Open Access
Original article: The prevalence of Barrett's esophagus in the US: estimates from a simulation model confirmed by SEER data
Author(s) -
Hayeck T. J.,
Kong C. Y.,
Spechler S. J.,
Gazelle G. S.,
Hur C.
Publication year - 2010
Publication title -
diseases of the esophagus
Language(s) - English
Resource type - Journals
SCImago Journal Rank - 1.115
H-Index - 63
eISSN - 1442-2050
pISSN - 1120-8694
DOI - 10.1111/j.1442-2050.2010.01054.x
Subject(s) - medicine , epidemiology , gerd , incidence (geometry) , surveillance, epidemiology, and end results , population , public health , esophageal adenocarcinoma , esophageal cancer , barrett's esophagus , disease , demography , cancer , cancer registry , adenocarcinoma , environmental health , pathology , reflux , physics , sociology , optics
SUMMARY Barrett's esophagus (BE) is the precursor and the biggest risk factor for esophageal adenocarcinoma (EAC), the solid cancer with the fastest rising incidence in the US and western world. Current strategies to decrease morbidity and mortality from EAC have focused on identifying and surveying patients with BE using upper endoscopy. An accurate estimate of the number of patients with BE in the population is important to inform public health policy and to prioritize resources for potential screening and management programs. However, the true prevalence of BE is difficult to ascertain because the condition frequently is symptomatically silent, and the numerous clinical studies that have analyzed BE prevalence have produced a wide range of estimates.

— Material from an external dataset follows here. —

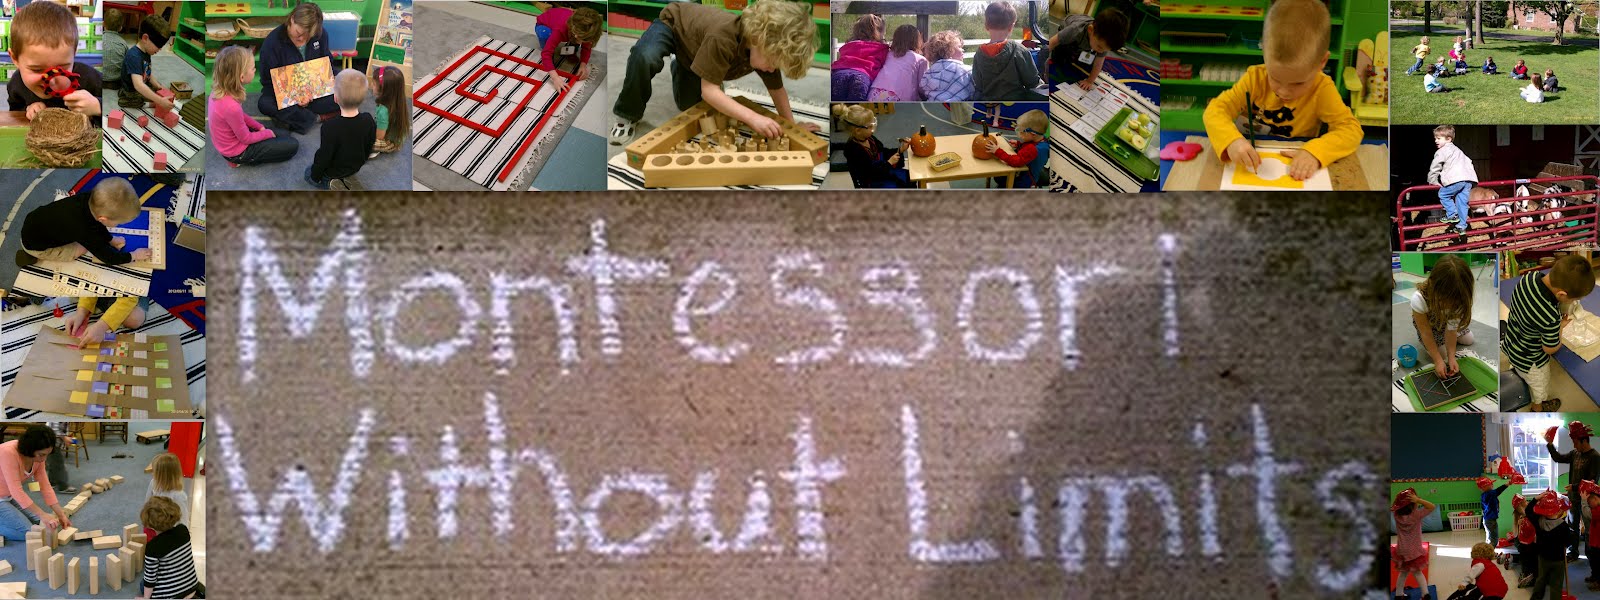 Montessori Without Limits

The aim of this study was to use a computer simulation disease model of EAC to determine the estimates for BE prevalence that best align with US Surveillance Epidemiology and End Results (SEER) cancer registry data. A previously developed mathematical model of EAC was modified to perform this analysis. The model consists of six health states: normal, gastroesophageal reflux disease (GERD), BE, undetected cancer, detected cancer, and death. Published literature regarding the transition rates between these states were used to provide boundaries. During the one million computer simulations that were performed, these transition rates were systematically varied, producing differing prevalences for the numerous health states. Two filters were sequentially applied to select out superior simulations that were most consistent with clinical data. First, among these million simulations, the 1000 that best reproduced SEER cancer incidence data were selected. Next, of those 1000 best simulations, the 100 with an overall calculated BE to Detected Cancer rates closest to published estimates were selected. Finally, the prevalence of BE in the final set of best 100 simulations was analyzed. We present histogram data depicting BE prevalences for all one million simulations, the 1000 simulations that best approximate SEER data, and the final set of 100 simulations. Using the best 100 simulations, we estimate the prevalence of BE to be 5.6% (5.49–5.70%). Using our model, an estimated prevalence for BE in the general population of 5.6% (5.49–5.70%) accurately predicts incidence rates for EAC reported to the US SEER cancer registry. Future clinical studies are needed to confirm our estimate.